:: Data section ::

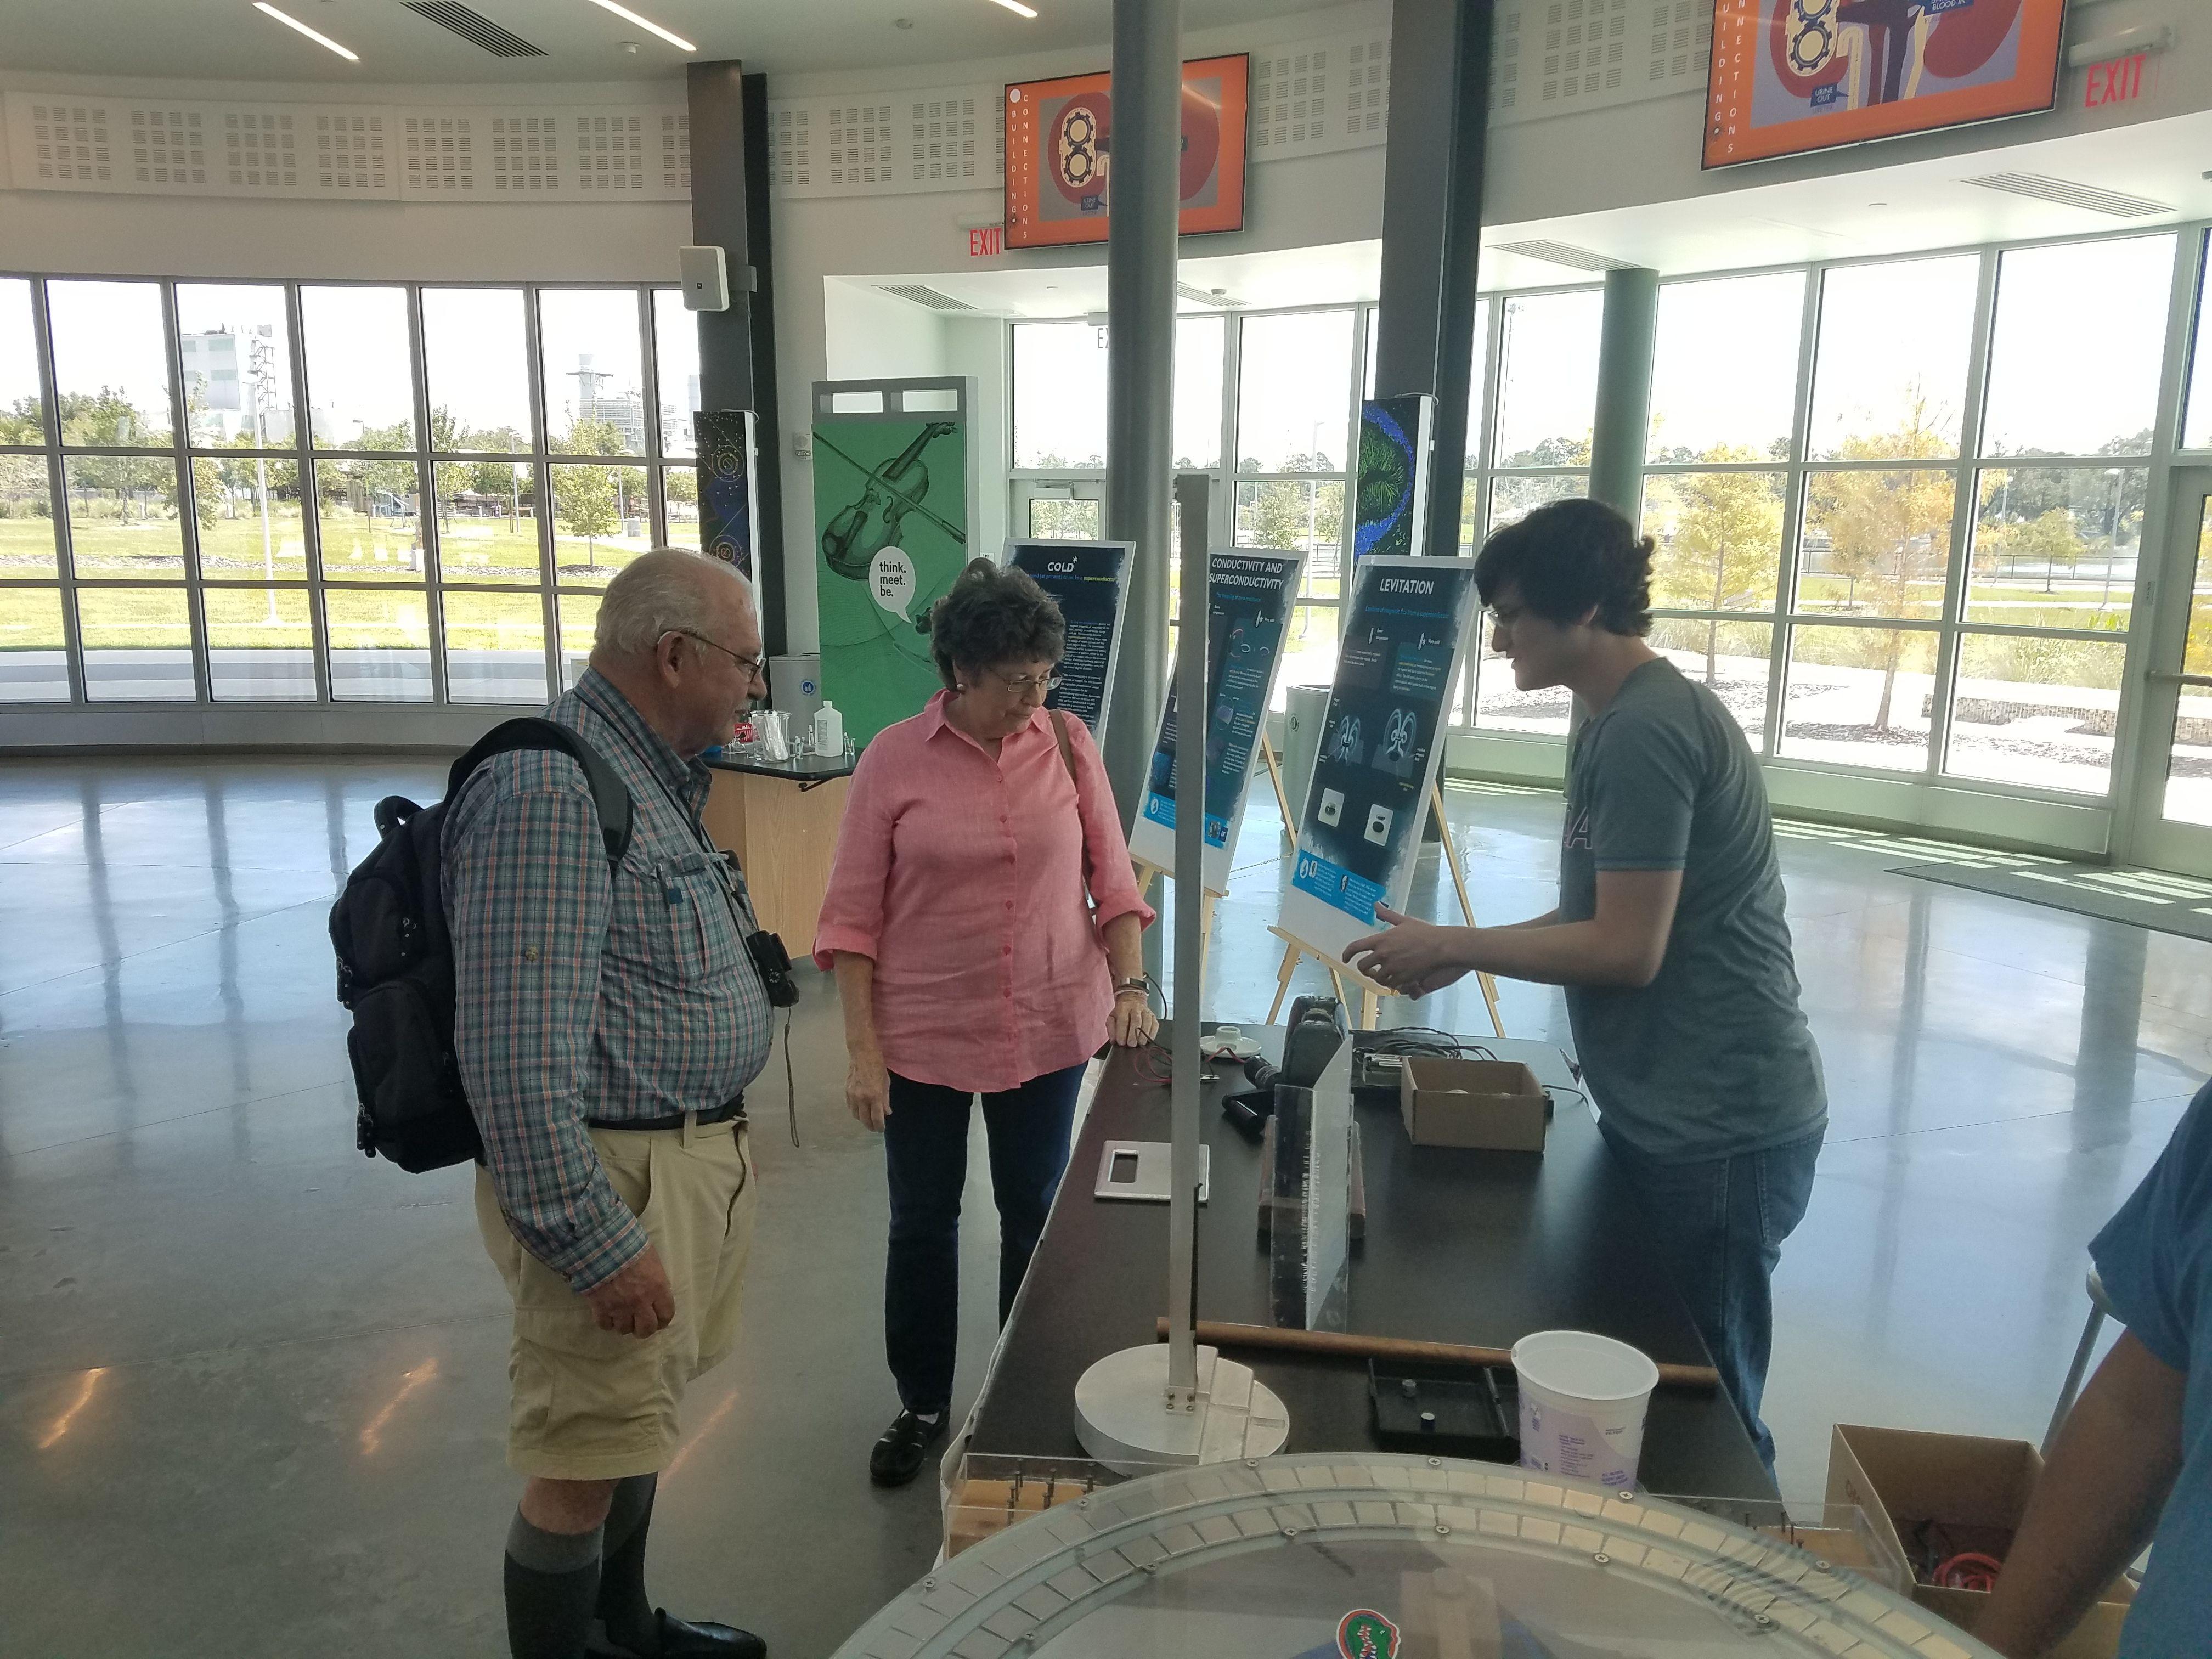 Cade Museum demonstration on Superconductivity
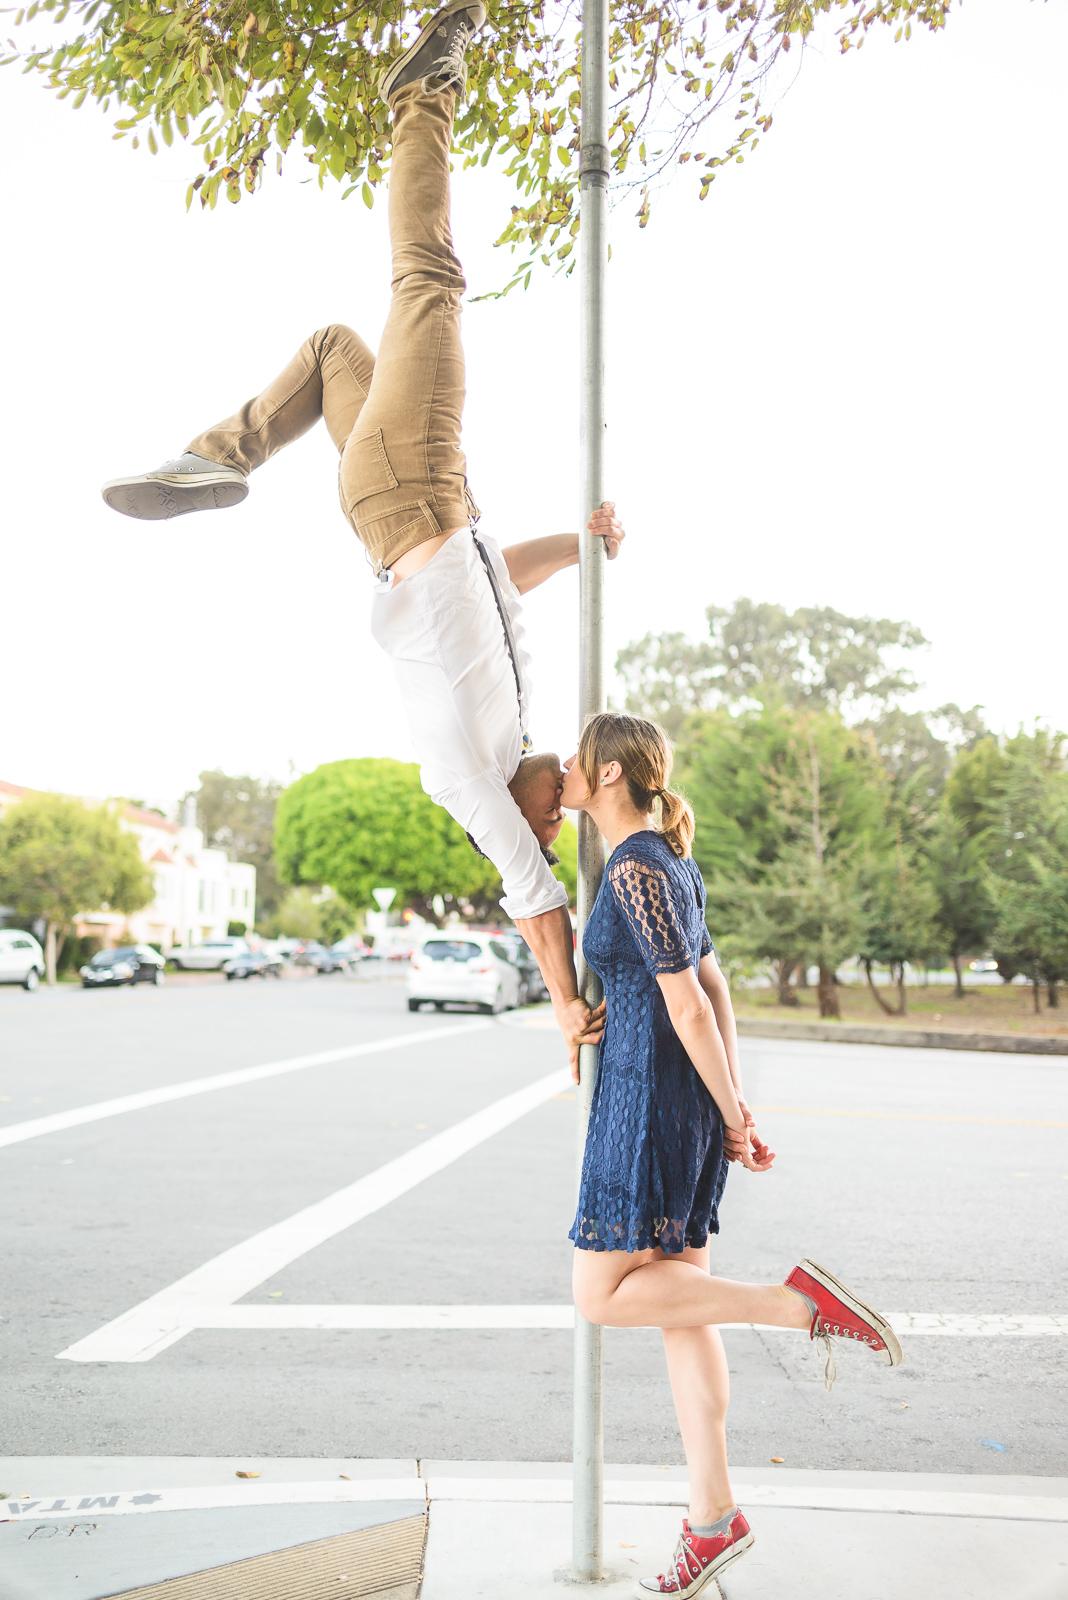 Acrobatic Kissing Photo
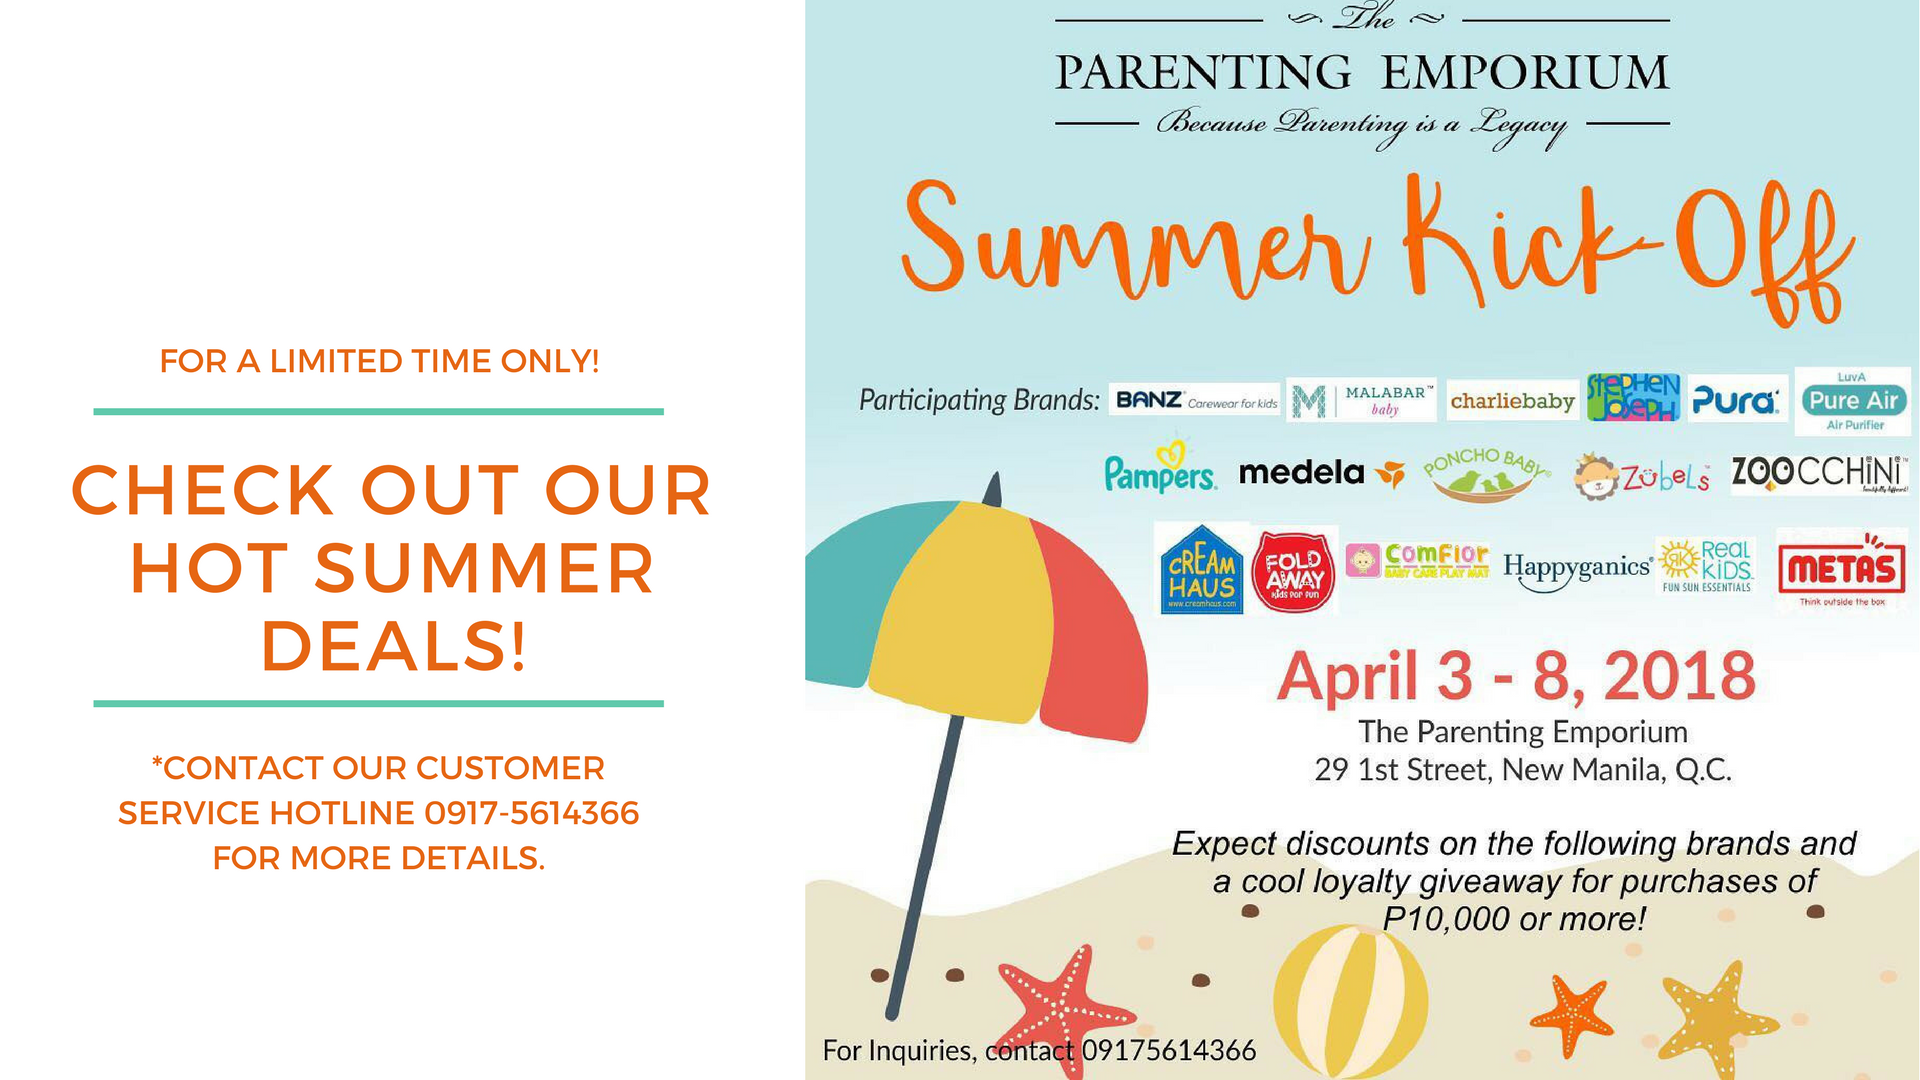 2c4899daeae68 Catch the Summer Kick-Off Sale at The Parenting Emporium! - The ...

:::

### Your assignment:
Extract the full listing exactly, with the pictures left out.

### Output:
 Cade Museum demonstration on Superconductivity
 Acrobatic Kissing Photo
 2c4899daeae68 Catch the Summer Kick-Off Sale at The Parenting Emporium! - The ...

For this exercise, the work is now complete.